Do you read much poetry?

I have a bunch of poetry books.  I like Wallace Stevens and William Carlos Williams. I went on a Wallace Stevens kick right when we reconvened to make this record. I wouldn't say that he's directly influenced my songwriting, but he has made my brain work in different ways.

What do you when you get writer's block?

I had horrible writer's block for Traffic and Weather, and as a result I only had three songs on that album.  In that case, I was consumed with alcohol and depression, so I stopped drinking and started writing.  I've never confronted it when there wasn't a handy explanation for why it was happening. 

The block was caused by external factors?

Yeah, I was drunk all the time. 

So you don't get blocked as much anymore?

I don't know.  I went through a pretty big phase of writing for this record, and as a result there are songs I've written that didn't even make the album.

How important is it for you to start and finish a song in the same sitting?

That almost never happens. I always go through a number of revisions.  Sometimes I'll forget how a song started and go back to listen to what it was before I started fucking with it. And the leaps and changes are amazing, how fast I got away from the original idea.  I do a lot of revising now. 

What are some of your revision techniques?

I concentrate on words.  I don't really add of words or ideas that weren't there in the first place, but I'll sacrifice the meaning just to make the lines sound good.  The emotion is more important than the facts of the case, as they say. Sometimes it's a simple as walking away and having fresh ears later. With "Dip in the Ocean," I wanted to use the line "Burning a hole in a gold afternoon" somewhere, and to do that I had to write a whole section around it.  So sometimes there are scraps that just have to make it into the song because I like the way a phrase sounds. 

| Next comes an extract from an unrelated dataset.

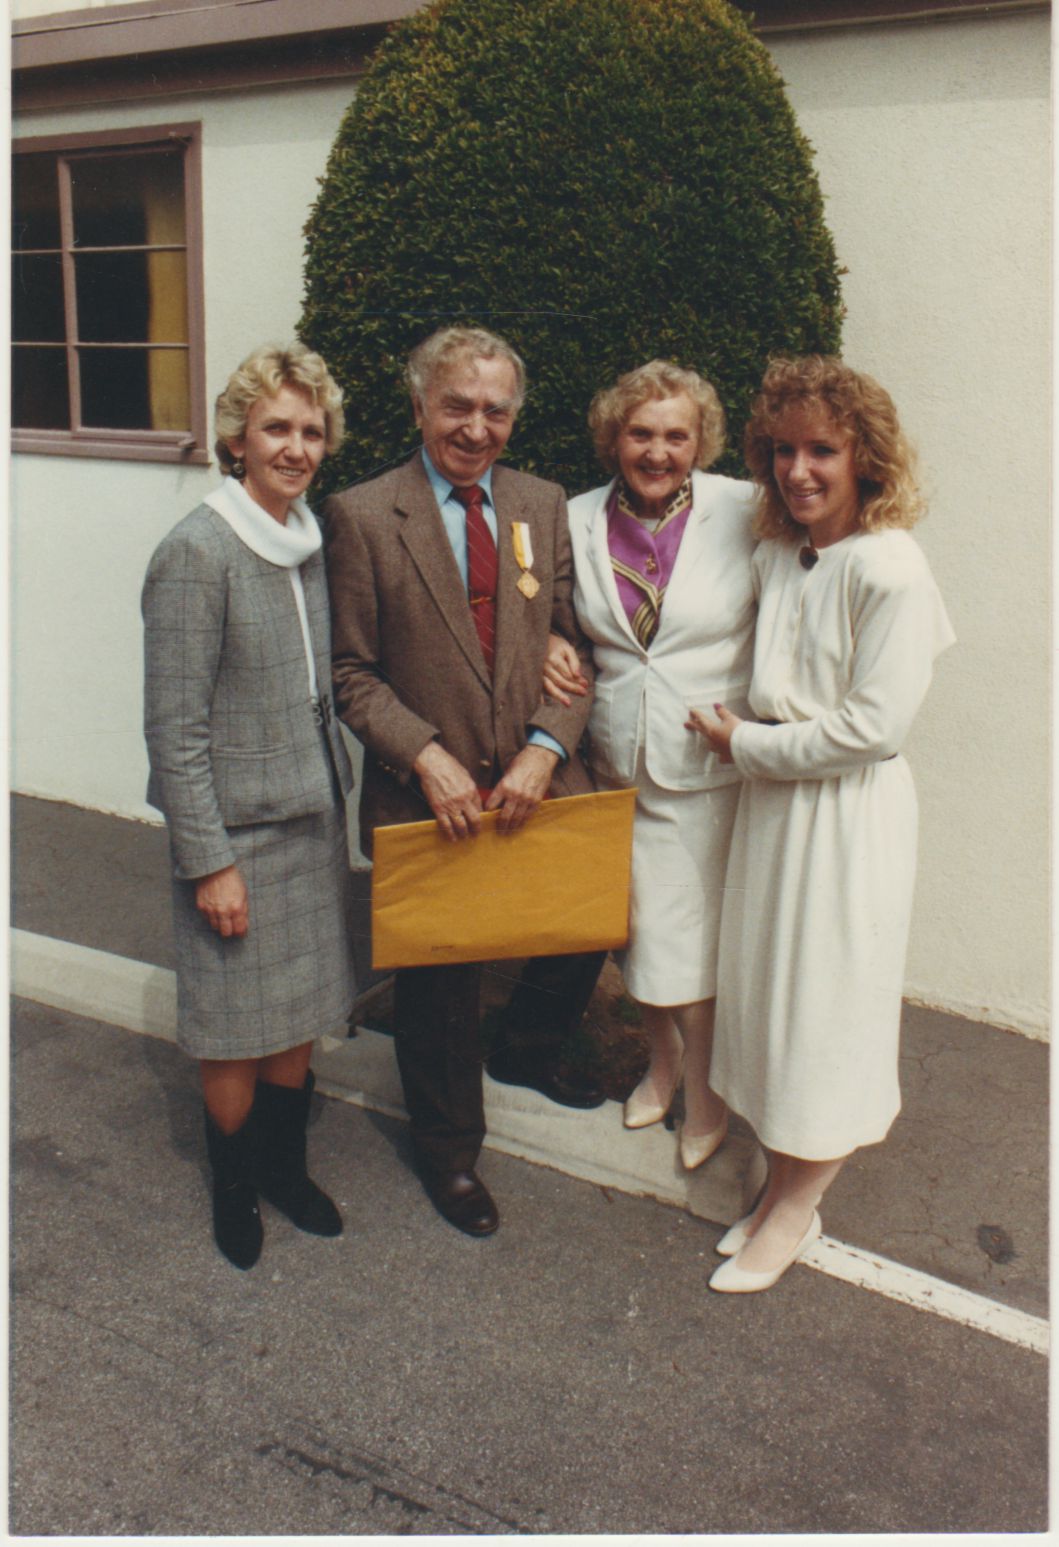 Po Jono Pauliaus II medalio įteikimo šventės Los Andžele 1988 m. kovo 6d. Iš kairės: Saulė Brazdžionytė, B. Brazdžionis, A. Brazdžionienė, vaikaitė Dalita Trotman.

Giving a piece distance is the best revision technique I know.

That's true with everything.  I don't know if you do crossword puzzles, but I do them every day.  I'll put it down when I'm stuck, I can pick it up an hour later and finish it in like five minutes. That's pretty instructive about how the brain works.

Do you ever work on something for so long, really struggle with it, and you just feel like maybe it's not meant to be?

If that ever happens, I try to salvage something from it.  I might save a turn of phrase or melodic idea to use somewhere else.  I won't bang on the door for too long if it's not working.

 As a songwriter, what have you learned about yourself working with Adam?

Adam's skill is in simplifying things.  And sometimes that's a good thing, but we butt heads when we disagree on that.  I remember something he said in an interview years ago that sums up the difference between us.  He said something like "You can't go in trying to change the world with every song." I have a different opinion about that.  The songs that really move me are those that are really ambitious, like "Born to Run."  It gets your blood flowing and your heart pounding.  You can't come out with a song like that if you're starting with no ambition whatsoever. But a lot of times, in the early days, I'd walk in with a complicated arrangement and we'd end up stripping stuff down, though that's not so true anymore.  We've influenced each other so much that a lot of people can no longer tell who's writing what songs. The prevailing wisdom used to be that he wrote the literal songs with punch lines and mine were the confusing ones.  But now that line is blurred.